Why Was The Prisoner Exchange Stopped?

Why Was The Prisoner Exchange Stopped?

Why the prisoner exchange was stopped became a hotly controversial subject following the war, and many blatantly self-serving theories were forthcoming from the North.  James Madison Page, the Union officer who wrote THE TRUE STORY OF ANDERSONVILLE PRISON (1908) describes some of these theories: "The South refused to exchange a negro for a rebel prisoner." "The rebels would not exchange on an equitable basis as to relative rank of officers;" "The rebel Government resorted to frivolous pretexts to delay exchange as death was doing its work at Andersonville, Salisbury and other prisons."
Page dismisses all of these arguments as mere subterfuge. Even today, howThe Movieever, many of these old Yankee lies have been dusted off and reissued with Ken Burns the most prominent quartermaster. In the PBS series "The Civil War," Burns had the audacity to suggest that Grant stopped the prisoner exchange because he was morally offended by the Confederate Government's refusal to exchange negro prisoners!

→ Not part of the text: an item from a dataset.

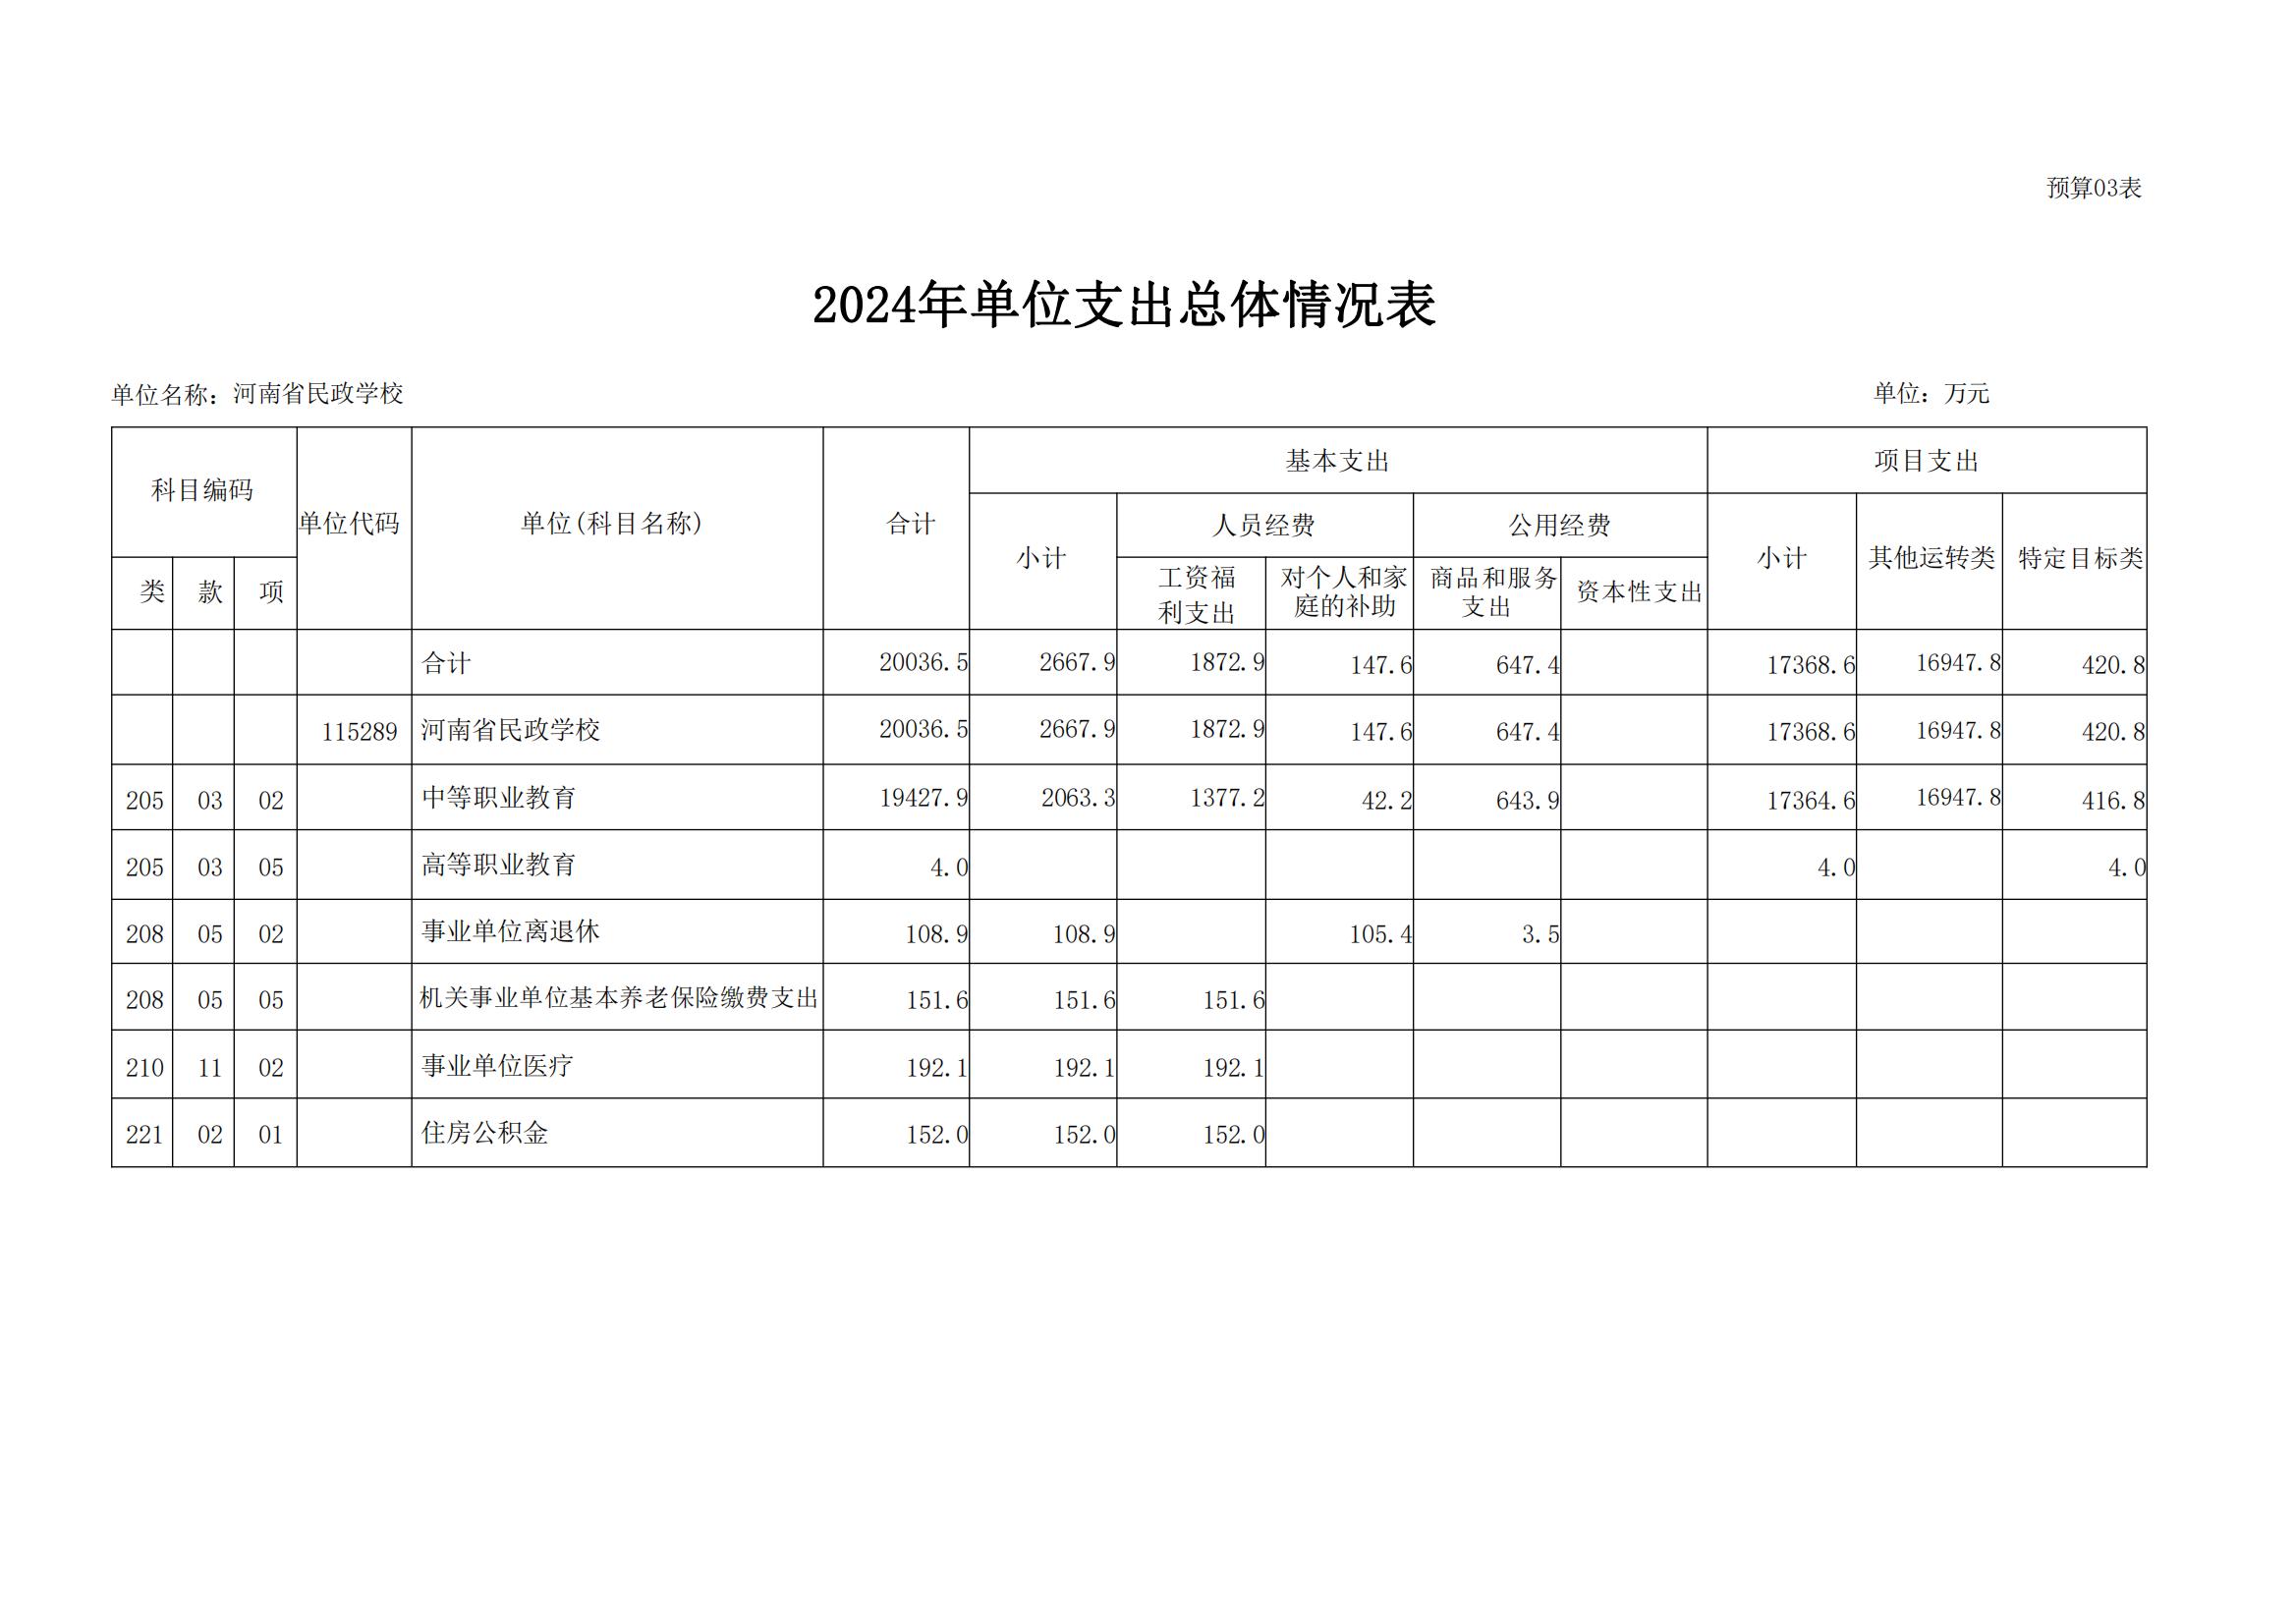 河南省民政学校2024年部门预算公开(1)_10.jpg

In his text, Ken Burns states: "...Grant ordered an end to the prisoner exchange in effect since early in the war, until and unless the South formally agreed to recognize 'no distinction whatever in the exchange between white and colored prisoners.’ " (Page 336.)
So we see that the real reason the prisoner exchange was stopped was because Grant was an egalitarian who was willing to sacrifice the lives of thousands of Union prisoners as an act of moral principle. Even considering Mr. Grant's demonstrated proclivity for expending Union lives, one might conclude that Ken Burns, and his Reconstructionist forbears, would be deterred by simple embarrassment at advancing such an unlikely tenet. After all, black prisoners of war were a minuscule number of the total Union soldiers in Confederate hands. Melvin Grigsby, a Union POW at Andersonville, wrote: "There was not a negro soldier in Andersonville or in any other prison for a considerable time. When they were captured they were either sent back to their old masters or put to work on rebel fortifications, and they were not starved and did not suffer. [Secretary of War] Stanton and others who insisted on this point, might as well have insisted that every black in the South, whose liberty had been granted him by the Emancipation Proclamation and who was detained by his old master, should be a subject of exchange."

James Madison Page agrees. In July of 1864, Henry Wirz had paroled five prisoners to act as emissaries for the others. These emissaries carried a petition to Washington that was signed by almost every Union soldier in Andersonville, demanding that the U.S. Government abide by the original exchange agreement. Their efforts were not successful, and some of them returned to Andersonville to report to their fellows. Page writes, "When the Andersonville emissaries returned from Washington there was not one word about the exchange of negro soldiers being in the way of our release. It was then not thought of. I know that for the past forty-two years that matter has been published broadcast in the North as the reason why we were not exchanged. Grigsby is right in this. The Washington authorities had concluded to stop the exchange before there were any Negro prisoners."
In spite of all the Northern post-war moralizing, the real reason the Union soldiers were not exchanged is because the Northern government considered them expendable. Secretary of War Edwin Stanton said, "We will not exchange able-bodied men for skeletons," and "We do not propose to reinforce the rebel army by exchanging prisoners."

Ulysses S. Grant later confirmed this in his memoirs, explaining that exchange meant reinforcement of the rebel army, and that the exchanged rebel soldier behind brigades and fortifications fighting on the defensive was equivalent to three Union soldiers attacking him.
Page writes, "This was the Stanton policy, and if this atrocious and inhuman doctrine is anyway meritorious, the 'War Secretary' is entitled to the credit."